The global burden of surgical disease has not been well quantified, but is potentially immense. Given the enormity of the problem and the relative paucity of data, definition and monitoring of surgical burden of disease is an essential step in confronting the problem. This study aimed to estimate the prevalence of non-acute surgical disease symptoms in a low-income population.

Methods

The survey was conducted as part of the Indus Hospital Community Cohort in Karachi, Pakistan. A systematic random sampling design was used to enroll 667 households from March to August 2011. An unvalidated questionnaire intending to measure prevalence of surgical symptoms was administered to 780 participants.

Results

761 participants completed the screening questionnaire, with 346 (45 %) reporting one or more symptoms requiring surgical assessment (excluding those screened positive for symptoms of osetoarthritis), of which only 8.4 % followed up on scheduled appointments at the referral hospital.

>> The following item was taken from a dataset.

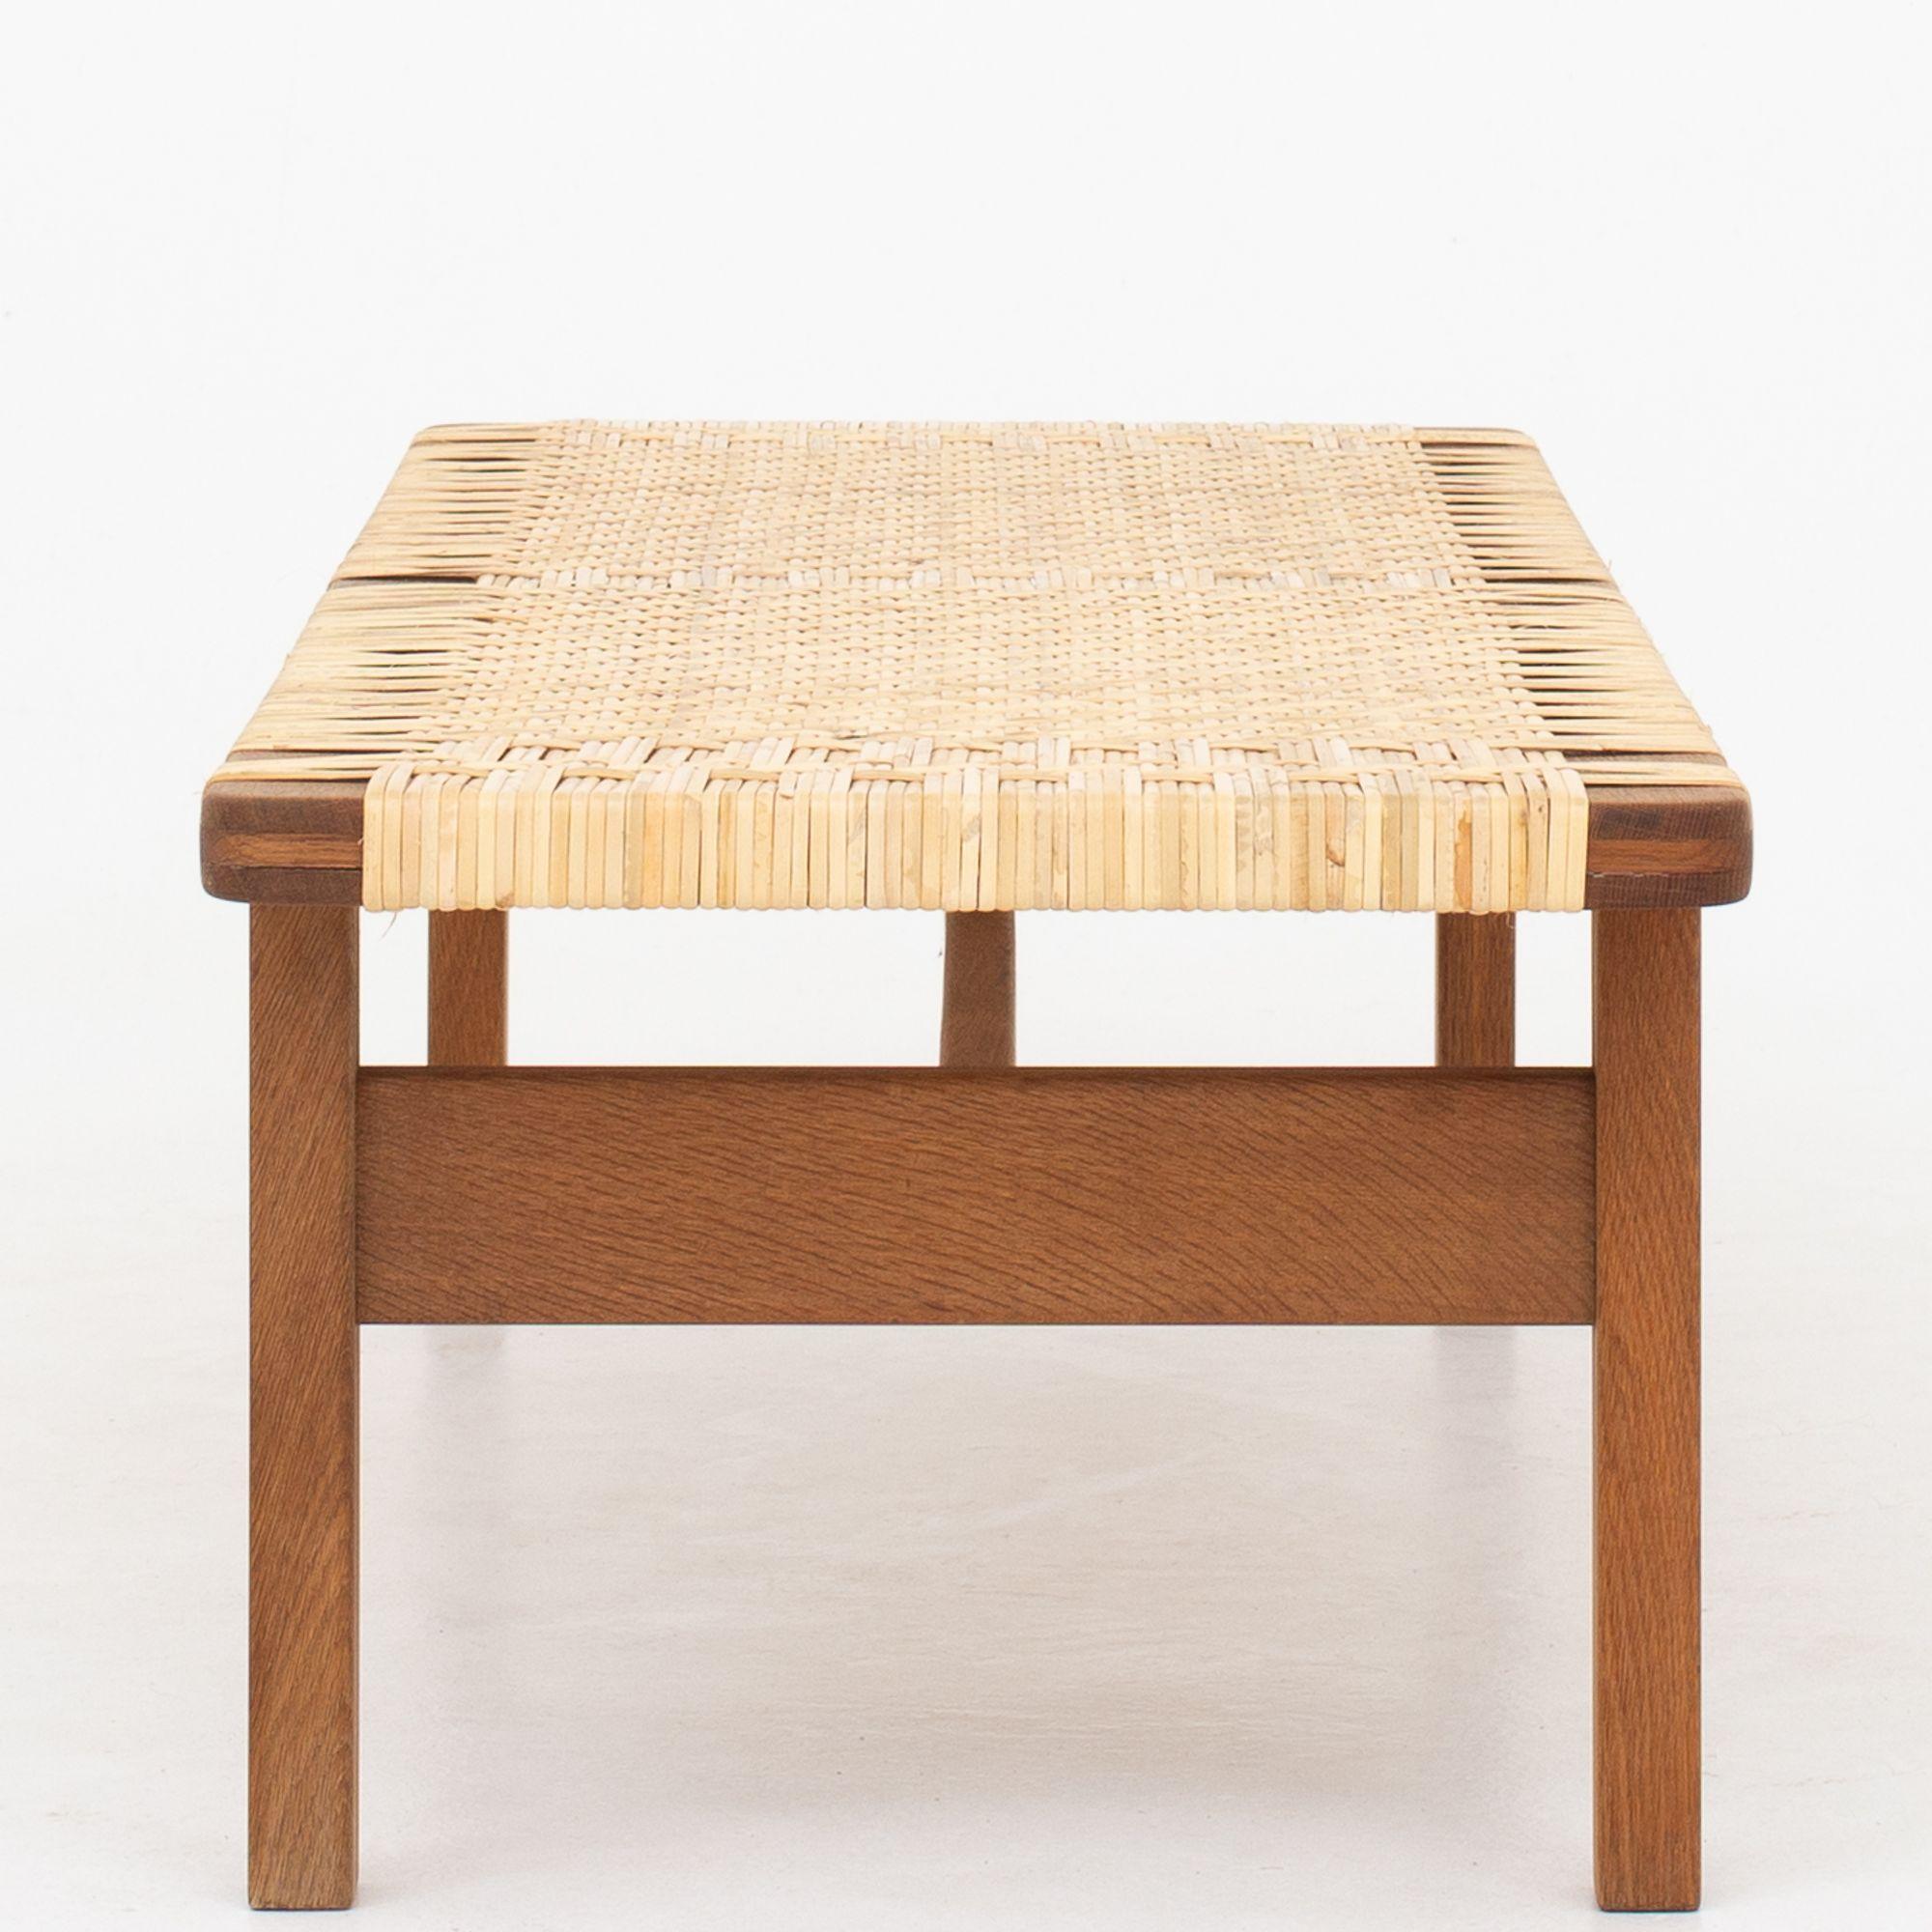 BM 5272 - bench/coffee table in oak and cane. Børge Mogensen / Fredericia Furniture.

A total of 126 past surgical procedures were recorded in 120 participants.

Conclusion

There is a high prevalence of symptoms suggestive of surgical diseases in our urban catchment population with relatively convenient access to health facilities including a tertiary care hospital providing free of cost care. The perceived severity of symptoms, and a complex interaction of other factors, may play an important role in understanding health seeking behavior in our population. Developing a context-specific validated tool to correctly identify surgical symptoms disease in the community with appropriate referral for early management is essential to identify and therefore reduce the burden of surgical diseases within the community. This must happen hand in hand with further studies to understand the barriers to seeking timely health care.

Conflict of interest

None.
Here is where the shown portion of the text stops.